I'm rather amazed that, as a station broker, he doesn't realize how many of those deleted AMs went silent due to losing their towers. Does he not know that for AM stations, the tower itself is usually the radiator? Or how the land towers sit on has become more valuable than the station using that land? If he's that good a broker, why isn't he busting his ass finding AM operators considering throwing in the towel and finding buyers for them? He cites Audacy's two Vegas stations as examples, but how many of the now-silent AMs were at lower power, where moving them farther out geographically would automatically result in a worse service footprint? (And don't I remember reading somewhere that Audacy did end up keeping the licenses and are planning to put them back on the air diplexed from other towers?)

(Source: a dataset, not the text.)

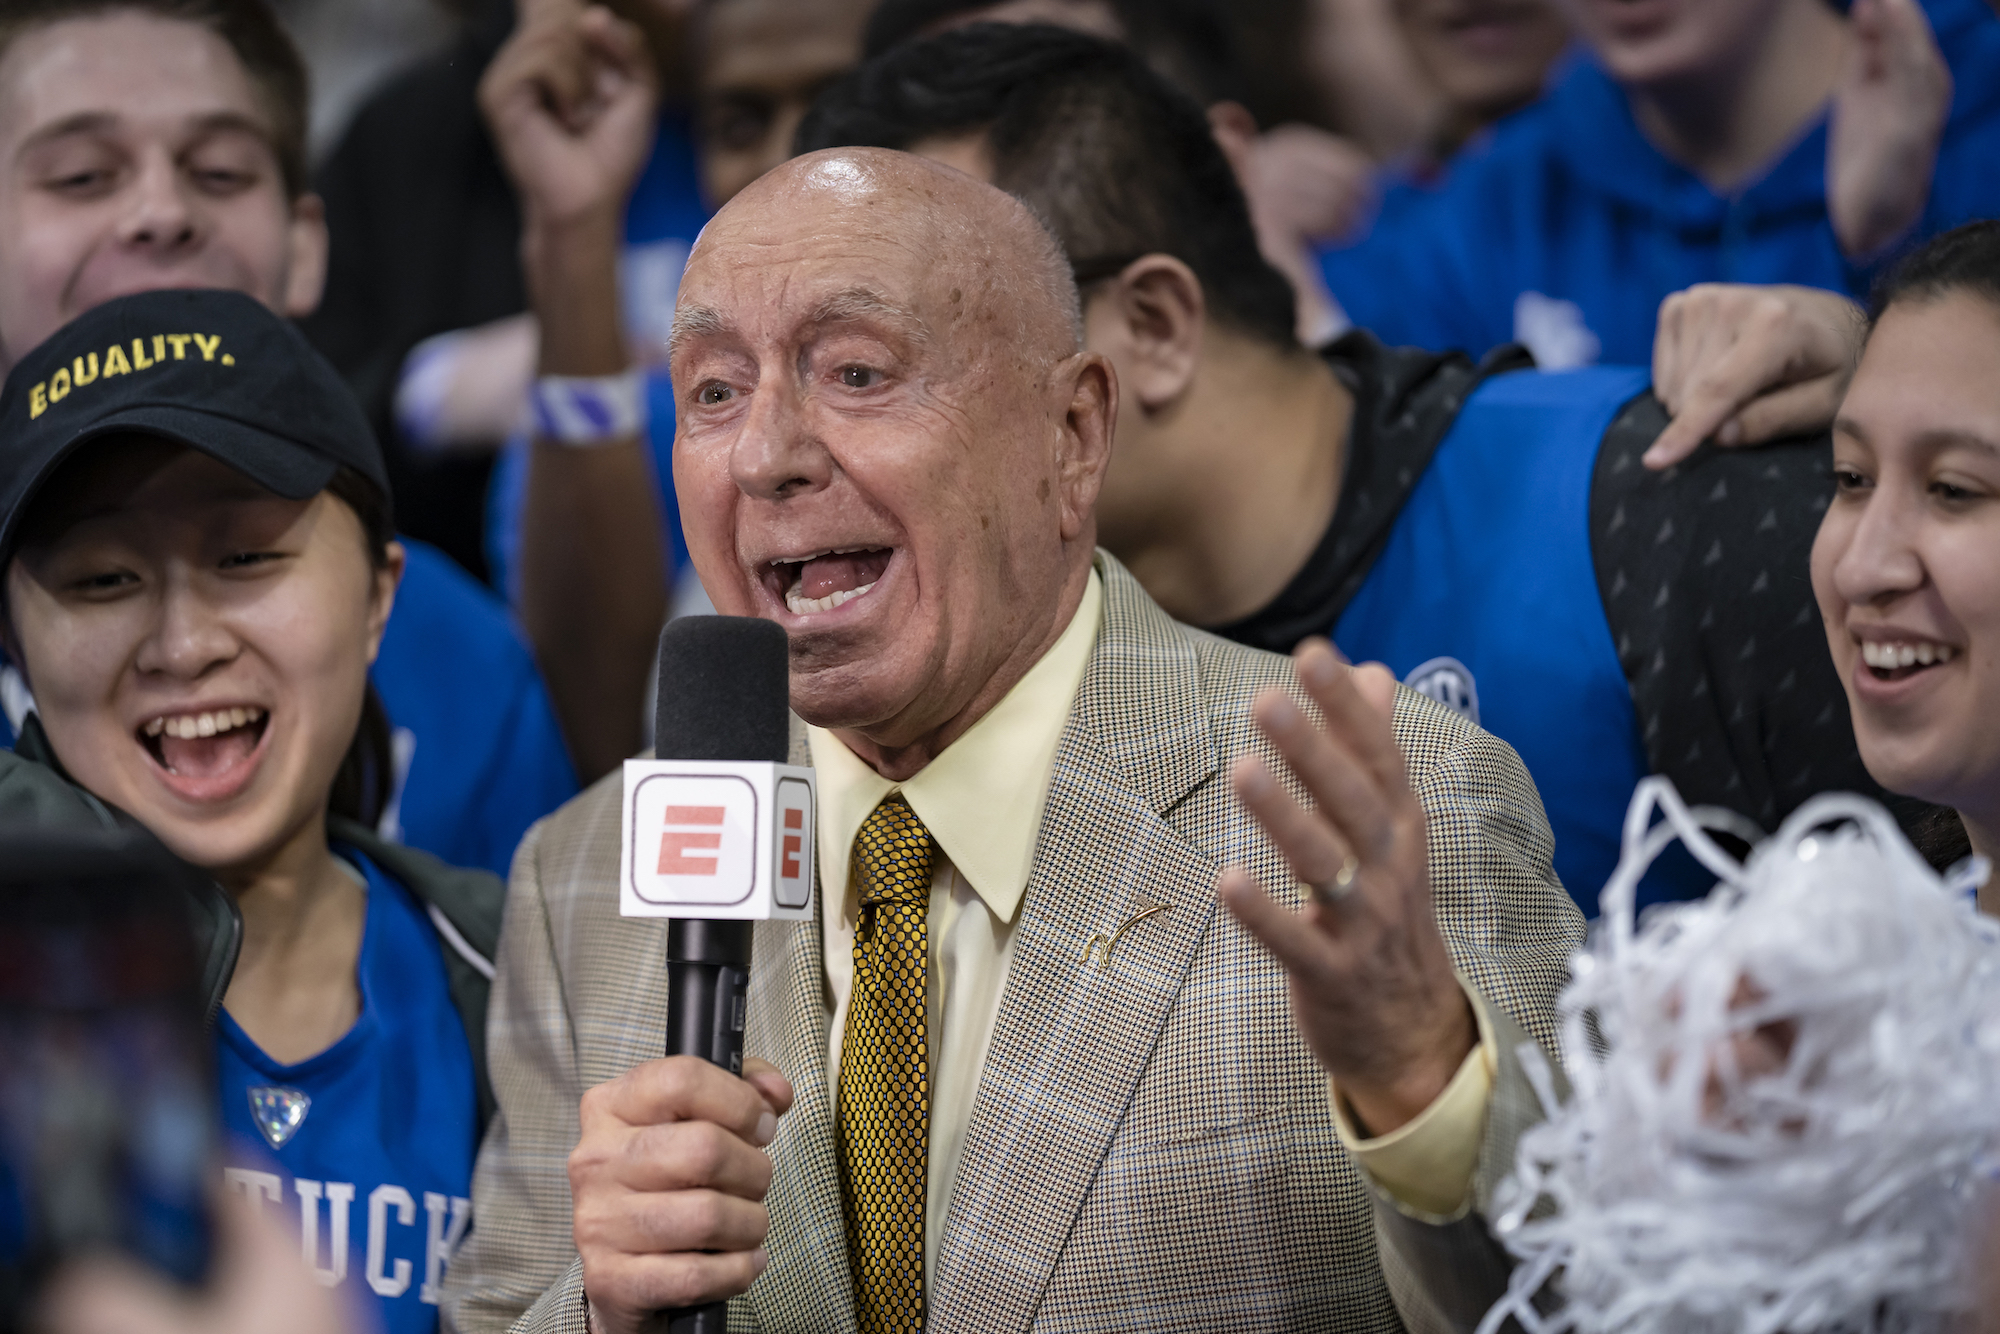 Dick Vitale Almost Quit ESPN After Viewers Cruelly Criticized His Appearance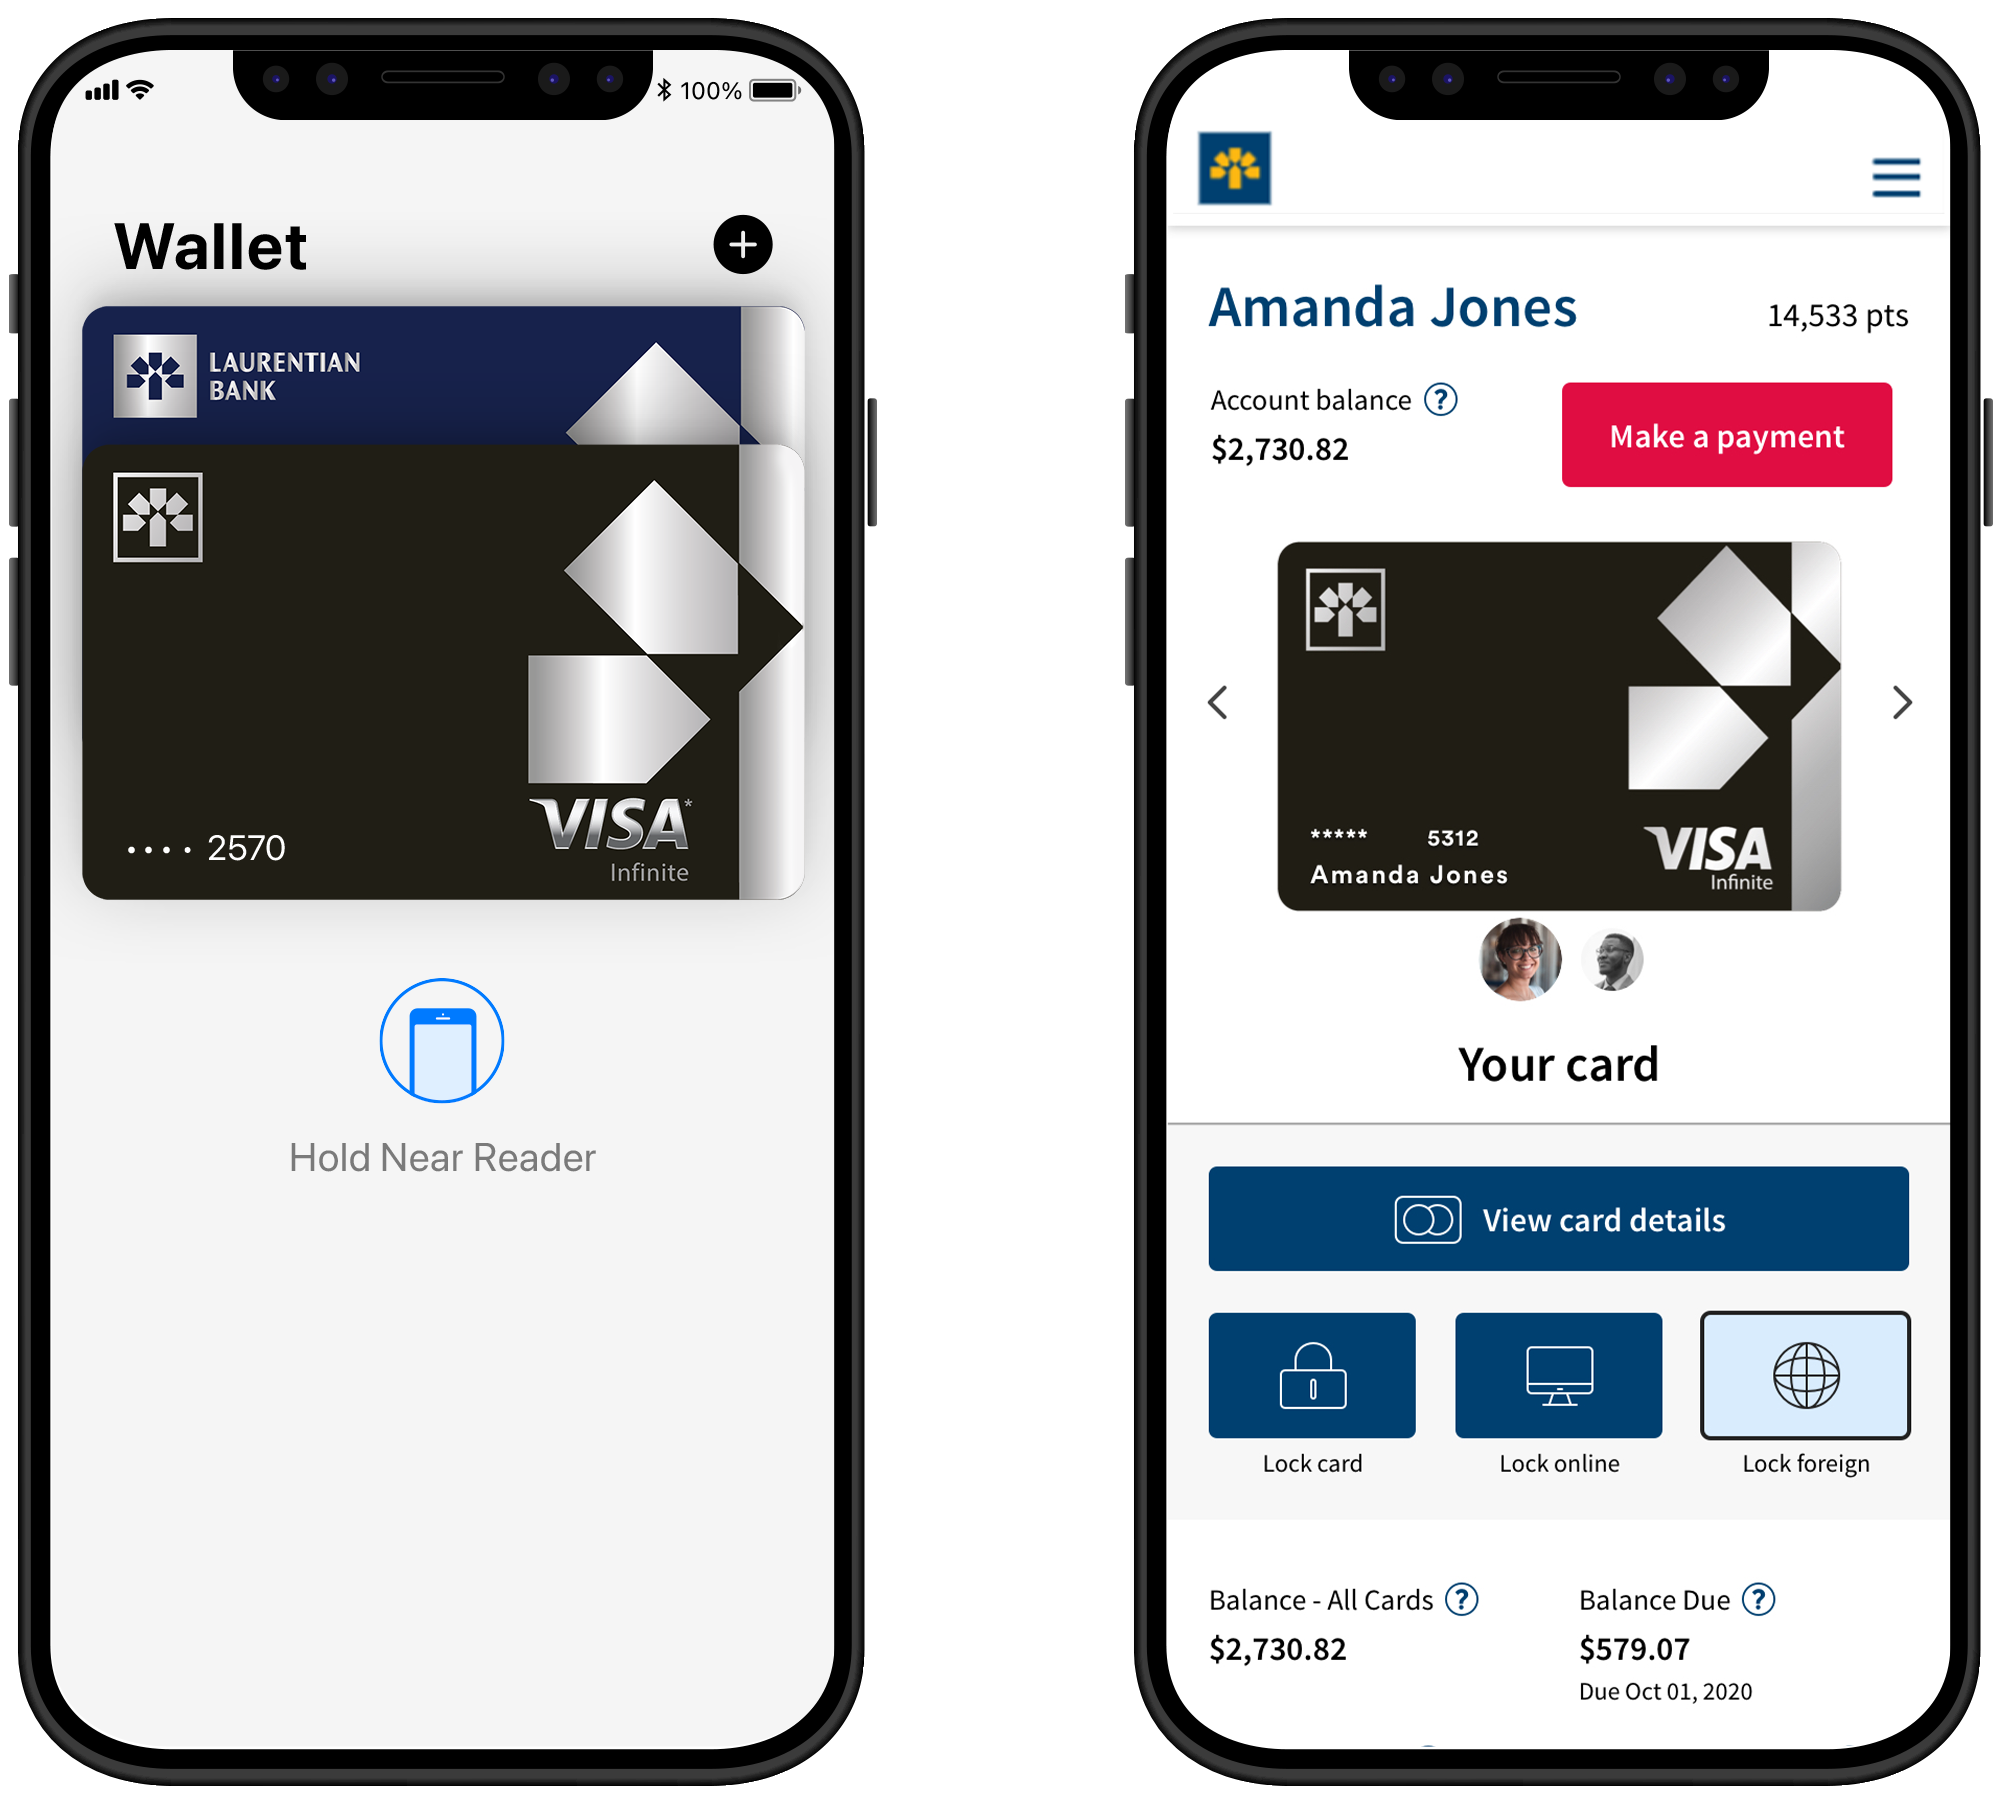 Overview of a mobile wallet

TIS is rapidly becoming an obsolete service. Has this guy ever opened Google Maps or Waze on his phone? Does he really think people are tuning their car radios to 1620 instead of getting real-time traffic information on their phones? And by that same logic, why does he think new stations in the expanded AM band will be any more successful than they were in the four decades since the band was expanded? And good luck getting people to tune in at the far left end of the FM band.
I am inclined to support more frequent auctions for deleted small-market FMs, but at the same time I have to wonder: If those licenses were surrendered, what was the reason no local owner stepped up and offered to take over? We know that the ad revenue "pie" is cut into too many slices in larger markets, but are we seeing the same thing in the smallest markets? Or has digital taken too much of the revenue for more than a handful of OTA stations to survive?
But I agree about the public file. Other than FCC staff and people looking for excuses to file license challenges, no one ever asks to see it. I was actively part of stations from 1973 to 1989 before going into consulting, and that file was always added to but never read (and at one station where I suddenly was "promoted" to Public Affairs Director, there was no public file so I had to create one, three years after the station originally went on the air).
Excluding the requirements of political advertising requests, the main argument people make about keeping the public file tend to center on the quarterly issues and programs entries. I read recently that those two "barter" public affairs shows produced by MediaTracks -- "Viewpoints" and "Radio Health Journal" -- are now on more than 1000 stations nationwide. That pretty much negates the point, if all of those stations have virtually identical public file entries for that programming.
And meanwhile, self-important people like Heller post ideas that are non-starters to everyone but him.